Сталин между тем историю «кремлёвских детей» не забыл. Степан Микоян приводит разговор между Сталиным и своим отцом Анастасом Микояном в конце 1940-х годов. «А где твои сыновья, которые были осуждены?» — поинтересовался Сталин. «Один учится в академии Жуковского, — ответил Микоян, — а второй — в МГИМО». «А достойны ли они, — спросил Сталин, — учиться в советских высших учебных заведениях»? Микоян не нашёлся с ответом: понял, что через две или три недели сыновей в лучшем случае отчислят, а в худшем — снова арестуют. Но ни того, ни другого не произошло, и оба младшие Микояны потом сослужили добрую службу своей стране.
Вано Анастасович работал под началом своего дяди Артёма инженером в его бюро, разрабатывал самолёты МиГ-21, МиГ-29.
Серго Анастасович сопровождал отца в качестве референта в международных поездках, в том числе был непосредственным участником переговоров с Фиделем Кастро на Кубе в 1962 году, во время разрешения Карибского кризиса. Серго, правда, в юном возрасте ещё раз заставит своего отца сильно понервничать: это будет уже после войны; расскажем позже.
Пётр Бакулев, сын хирурга Бакулева, также отбывший год ссылки, впоследствии стал выдающимся специалистом в области радиолокации.

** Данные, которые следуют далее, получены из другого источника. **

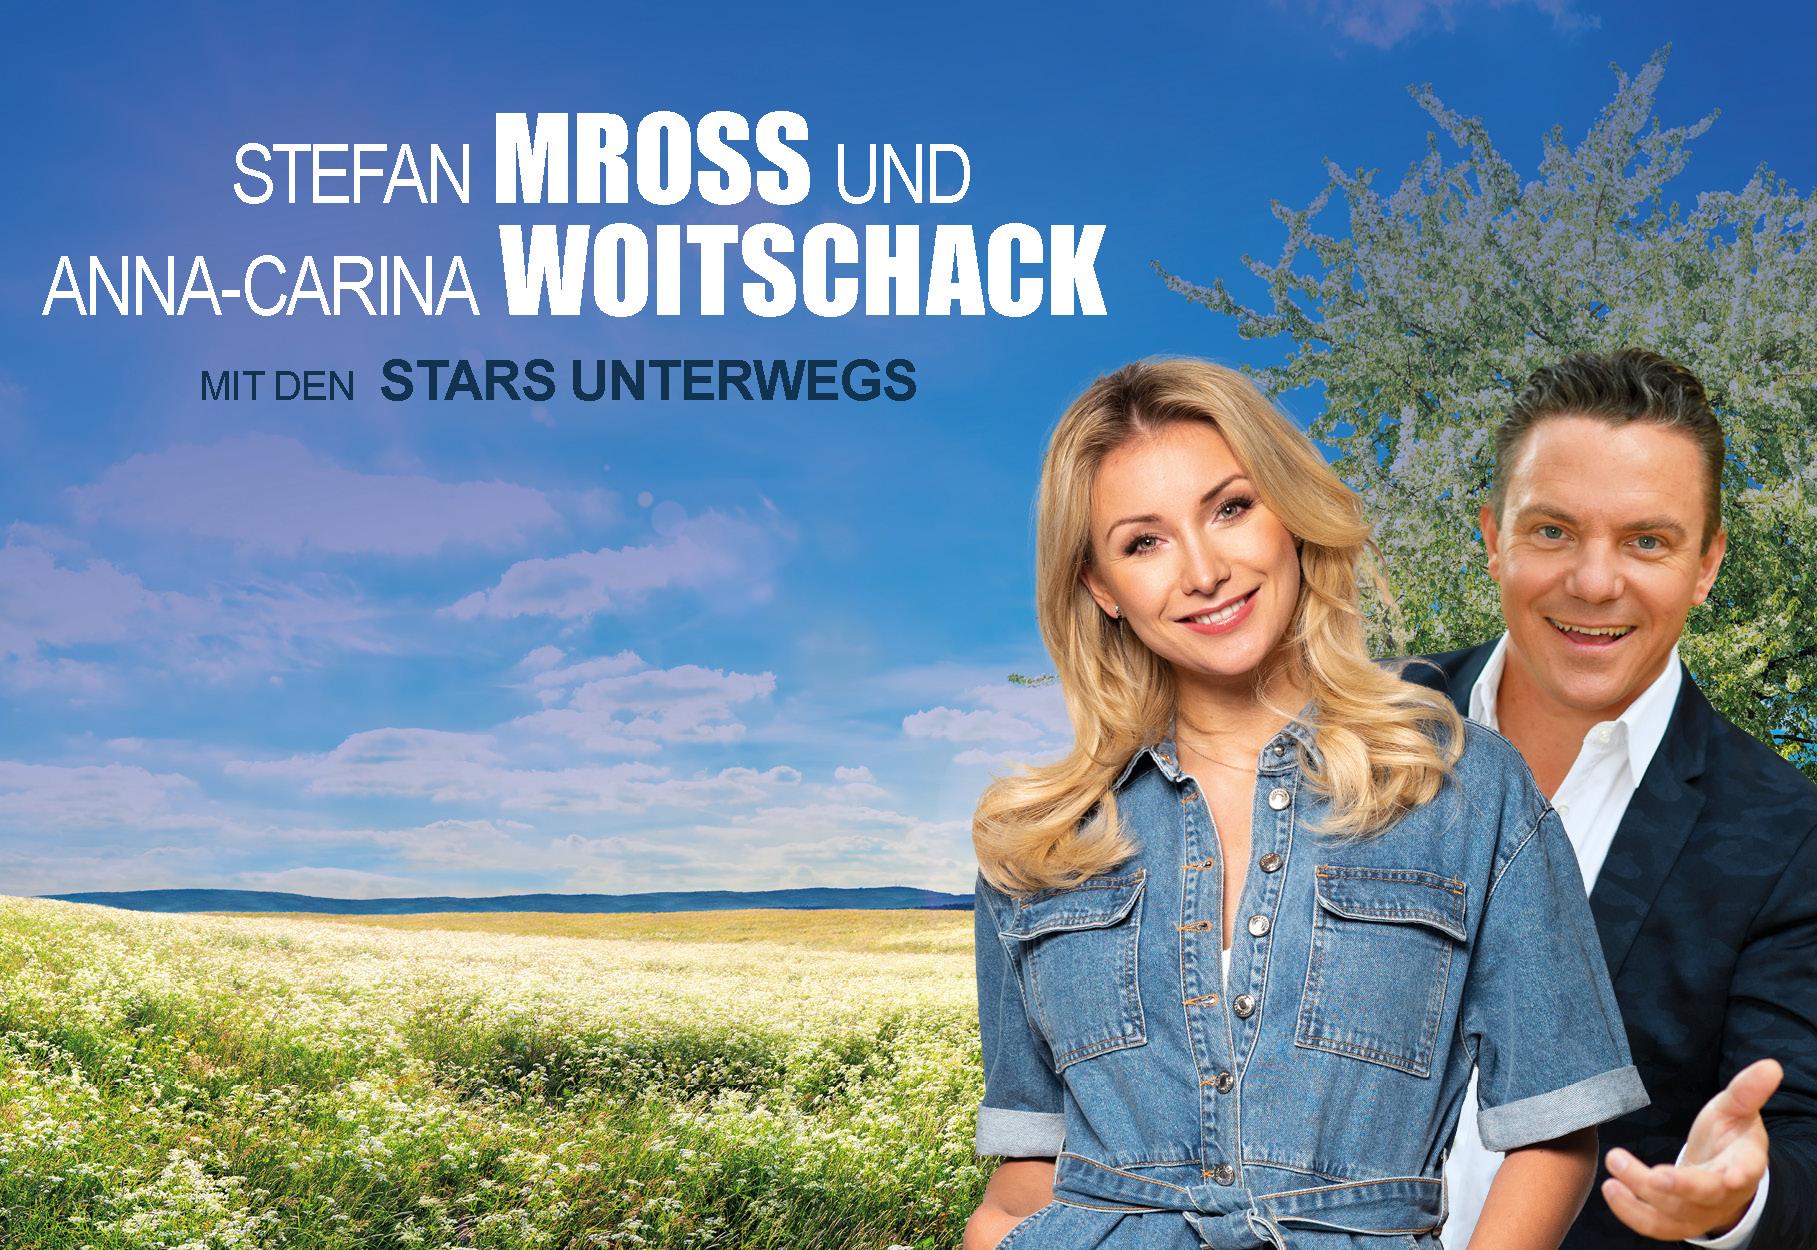 Stefan Mross und Anna-Carina Woitschak

Дело «кремлёвских детей» очень расстроило Анастаса Микояна. Он уже потерял одного сына. Двое других старших — Степан и Алексей — воевали в действующих частях и могли погибнуть в любой момент. На этом фоне участие младших в дурацком «антисоветском заговоре» выглядело просто гадко. Но Сталин, назначивший виновным подросткам беспрецедентно мягкое наказание, дал понять своему наркому, что согласен всё простить (или — пока простить). Не до того было, не до заговоров, не до охоты на ведьм.
Лев Влодзимирский, дослужившийся до генерал-лейтенанта, после смерти Сталина в 1953 году был арестован и расстрелян. А вот Лев Шейнин стал известным писателем и киносценаристом, автором книги «Записки следователя».
Родители Нины Уманской — дипломат Уманский и его супруга — погибли в авиакатастрофе в январе 1945 года во время перелёта из Мексики в Коста-Рику.
Нарком авиационной промышленности Алексей Шахурин был арестован в 1946 году, получил 7 лет, в 1953-м реабилитирован и далее работал заместителем министра авиационной промышленности СССР.
Дело «кремлёвских детей», также известное как «Четвёртый рейх», или «Пионерский рейх», было, разумеется, засекречено и получило известность только в 1990-е годы. Перезагрузил историю писатель Александр Терехов, выпустивший в 2008 году роман «Каменный мост». К сегодняшнему дню это единственное полноценное и подробное художественное исследование событий. Книга очень талантливая, но применительно к изложенному в ней материалу слишком субъективная или, скажем так, избыточно оценочная. Впрочем, позиция автора — его право.
Конечно, сыновья члена Политбюро Анастаса Микояна росли в особых условиях, в довольстве и комфорте, в маленьком мире, закрытом для всех прочих. Но они хорошо понимали, откуда взялось их благополучие. Отец и мать напоминали об этом ежедневно. Мир, породивший их, они были готовы защищать с оружием в руках. Ни один из пяти сыновей не опорочил имя своего отца. Скажем, третий по счёту сын, Алексей, сбежавший из школы в 16 лет, прошёл сначала Великую Отечественную, а потом воевал в Корее, облётывал реактивный истребитель МиГ-15, далее продолжал службу в Туркестане и Карпатах. В Москве — не служил ни одного дня. Продолжал летать после присвоения ему генеральского звания и стал единственным в Советском Союзе «летающим генералом».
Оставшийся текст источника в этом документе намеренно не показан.